Zillow $1M machine learning winner, Jordan Meyer, keynoting this Durham, NC March 9, 2019 event. Register using this link!

Using the lessons learned from last year’s study of the R Ladies meetupr R package, and tracking Analytics>Forward 2018 registrations with the Meetup.com API, I quickly adjusted my code (at bottom) to explore this year’s event registrations.

20190225 update:
All of the R code used for my latest ggplot2 data visualizations (and the top animation) are saved as a Github gist here and at the bottom of this blog post (also see part 2 of this series). The data can be found in this Github folder. I would love to see others’ versions.

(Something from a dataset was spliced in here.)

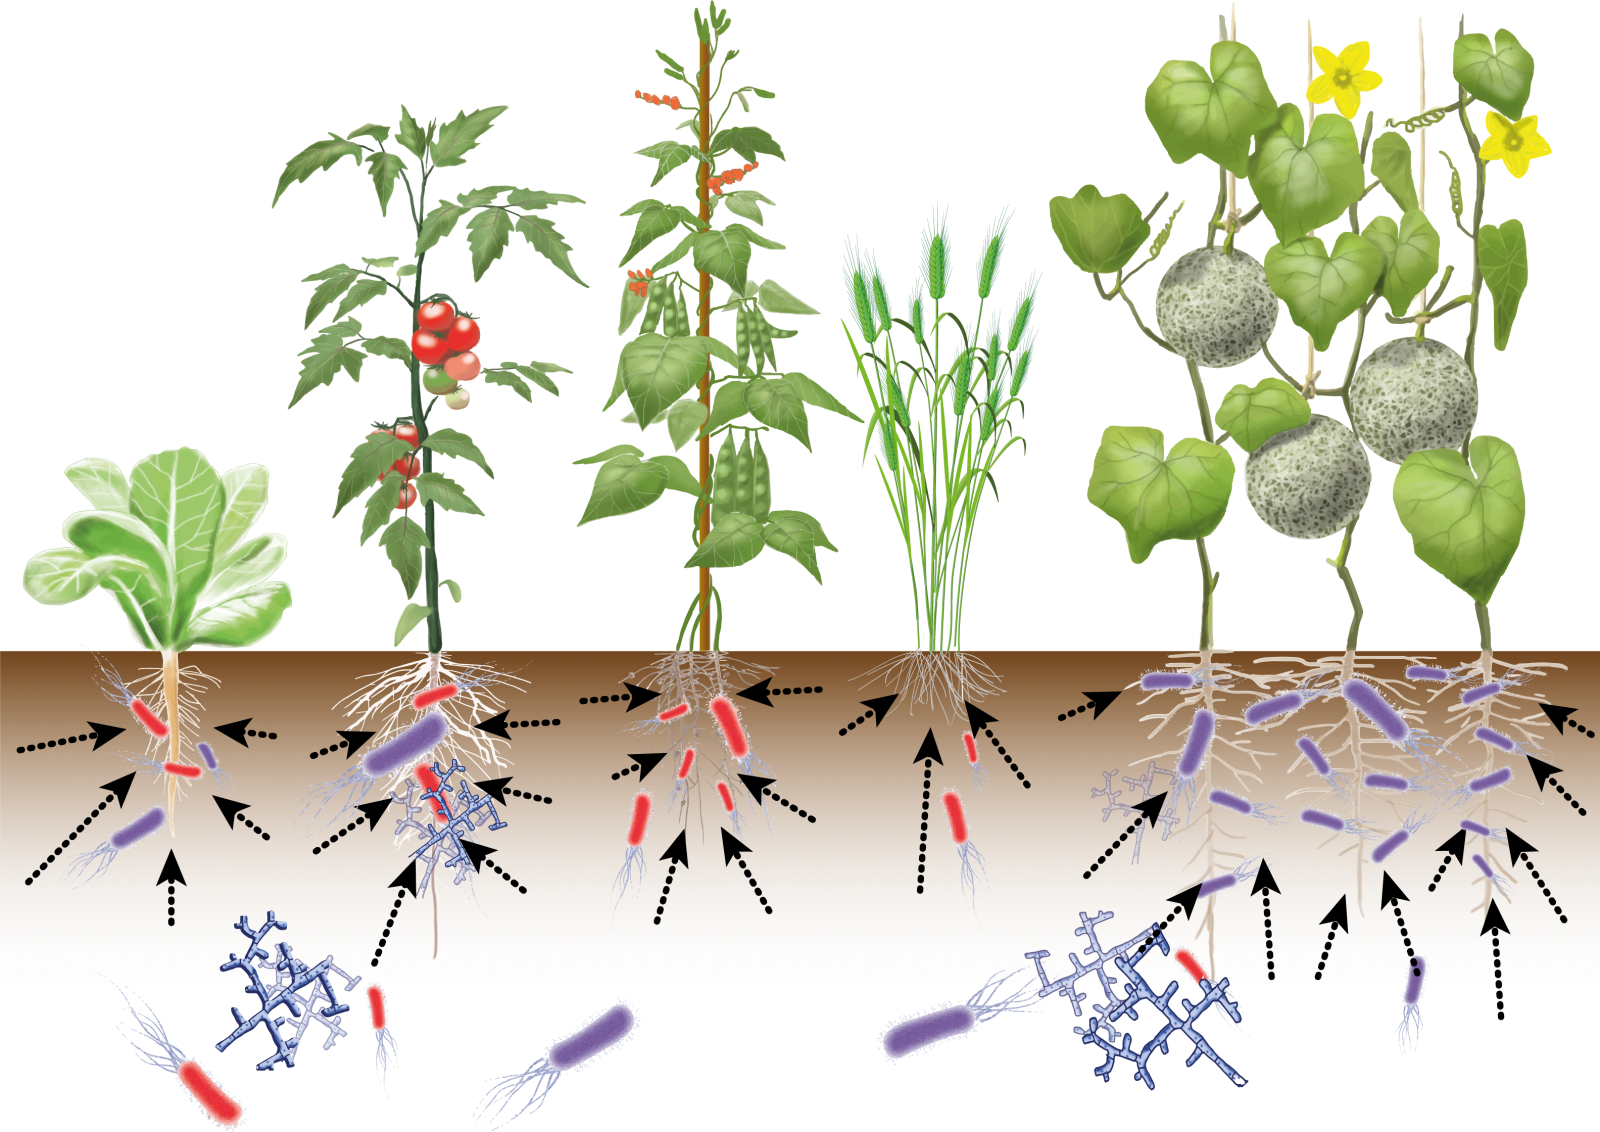 Different model plants and their interaction with soil microbes, schematic

It may be hard to see that we (A>F planning committee) started later (created the Meetup event) than prior years. Registrations are still tracking with last year’s (2018) record number of registrations.

When the new Research Triangle Analysts president, Eric Yount, created the event and therefore triggered an email notification to Research Triangle Analysts members, we were impressed by how many people registered within 24-hours. Notice how we started the event very early in 2018 (light blue line) and registrations remained flat until I think Dr. Zeydy Ortiz disseminated the press release to multiple outlets around January 22nd. The peak registrations in that circle of about 20 is a bit higher than what we see for 2015, when like 2019, the event was announced later than usual.

We can conclude that rushing to finalize Analytics>Forward elements so we can announce the event is not important. On the other hand, finalizing those elements so the planning committee can operated in a more relaxed fashion with a speaker secured and space reserved (thank you Aaron Terry and Blue Cross Blue Shield of North Carolina) is a different subject. 🙂

We worked aggressively last year to market the event with blog posts, social media activity, emails to colleagues, and fliers in nail salons and coffee shops.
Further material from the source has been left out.